In an era where everyone brazenly hitches a ride on the green bandwagon, the folks behind Nikoi Island are an aberration.
When I asked Andrew Nixon, one of Nikoi’s founders, about the resort’s eco-friendly approaches, he says, “We take sustainable tourism seriously but avoid labelling or marketing ourselves as such.”
Nixon thinks, and rightly so, that these green labels have been bandied about by too many hoteliers who don’t do much beyond asking guests to reuse towels or changing light bulbs.
To find out for myself, I took a ferry to Bintan Island, Indonesia, from Singapore’s Tanah Merah terminal. From the fishing village of Kawal, I boarded a boat to “Eden”, and in less than three hours I was on the island from bustling Singapore.
A white sandy beach fringed by sparkling azure waters and a row of rustic thatched bungalows peeking out from a lush green forest greeted us in Nikoi. Wide grins on their faces, the resort staff scampered out to the arriving guests — yours truly and an American couple, Lara and Nick, who were on the same boat.
After a zesty welcome drink at the Beach Bar, we were escorted to our beachfront bungalows. Fifteen two-storey beachfront houses, two dining rooms, four bars and two modest-sized swimming pools take up a third of the private island’s 15ha space.

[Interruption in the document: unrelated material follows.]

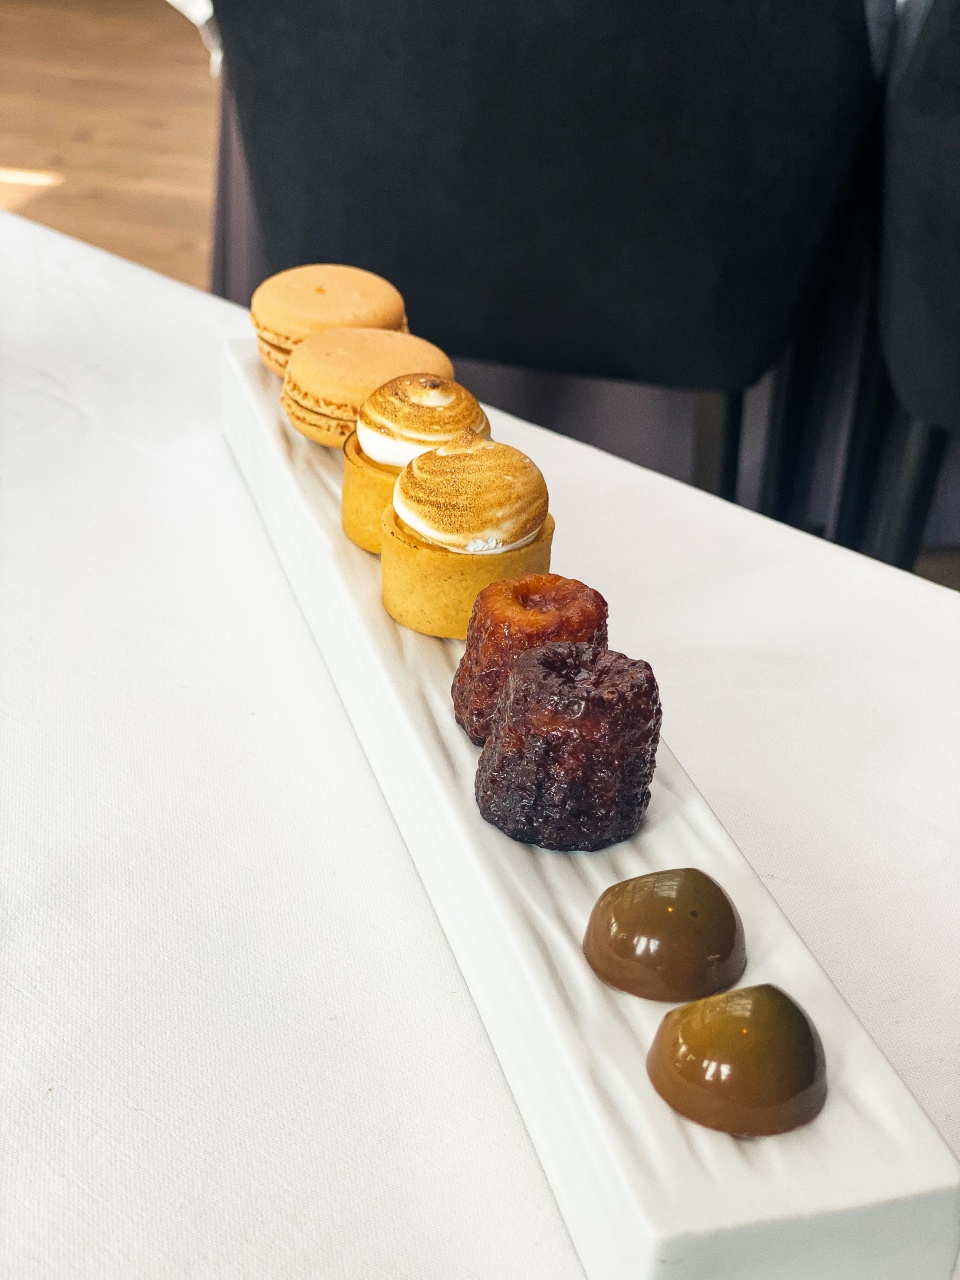 Een verleidelijke selectie van kleine desserts, gebakjes en chocolade, prachtig gepresenteerd op een schaal, die dienen als een zoete afsluiting van een culinaire ervaring in restaurant De Bakermat.

These one-, two- and three-bedroom houses are amply spaced to give guests the privacy they seek. Currently, 10 houses are open to guests while the rest are due to be ready by the end of August.
My one-bedroom bungalow is twice the size of my studio apartment in Kuala Lumpur. And how can you beat waking up to a view of the shimmering blue sea facing your king-size bed? Also, a 10-second skip from the room takes you to the crystal-clear sea for a snorkel or dip in the refreshing water.
At Nikoi, the first rule of thumb is to kick off your sandals and bury your toes in the soft sand as you saunter around the resort, minus the ugly concrete paths. And instinctively, you’d put your mobile phone in silent mode — I did! — lest the ringing ruins the tranquillity of the place. There’s no Internet or TV here, making it a perfect getaway for busy urban folks.
Not surprisingly, natural heritage is Nikoi’s calling card.
Two-thirds of the island is thick forest, harbouring tall native Banyan trees and a variety of bird species. The owners have invited Singapore’s leading naturalist, Subaraj Rajathurai, to survey the island’s flora, fauna and coral reefs. Some of Nikoi’s staff are taking a keen interest in nature guiding.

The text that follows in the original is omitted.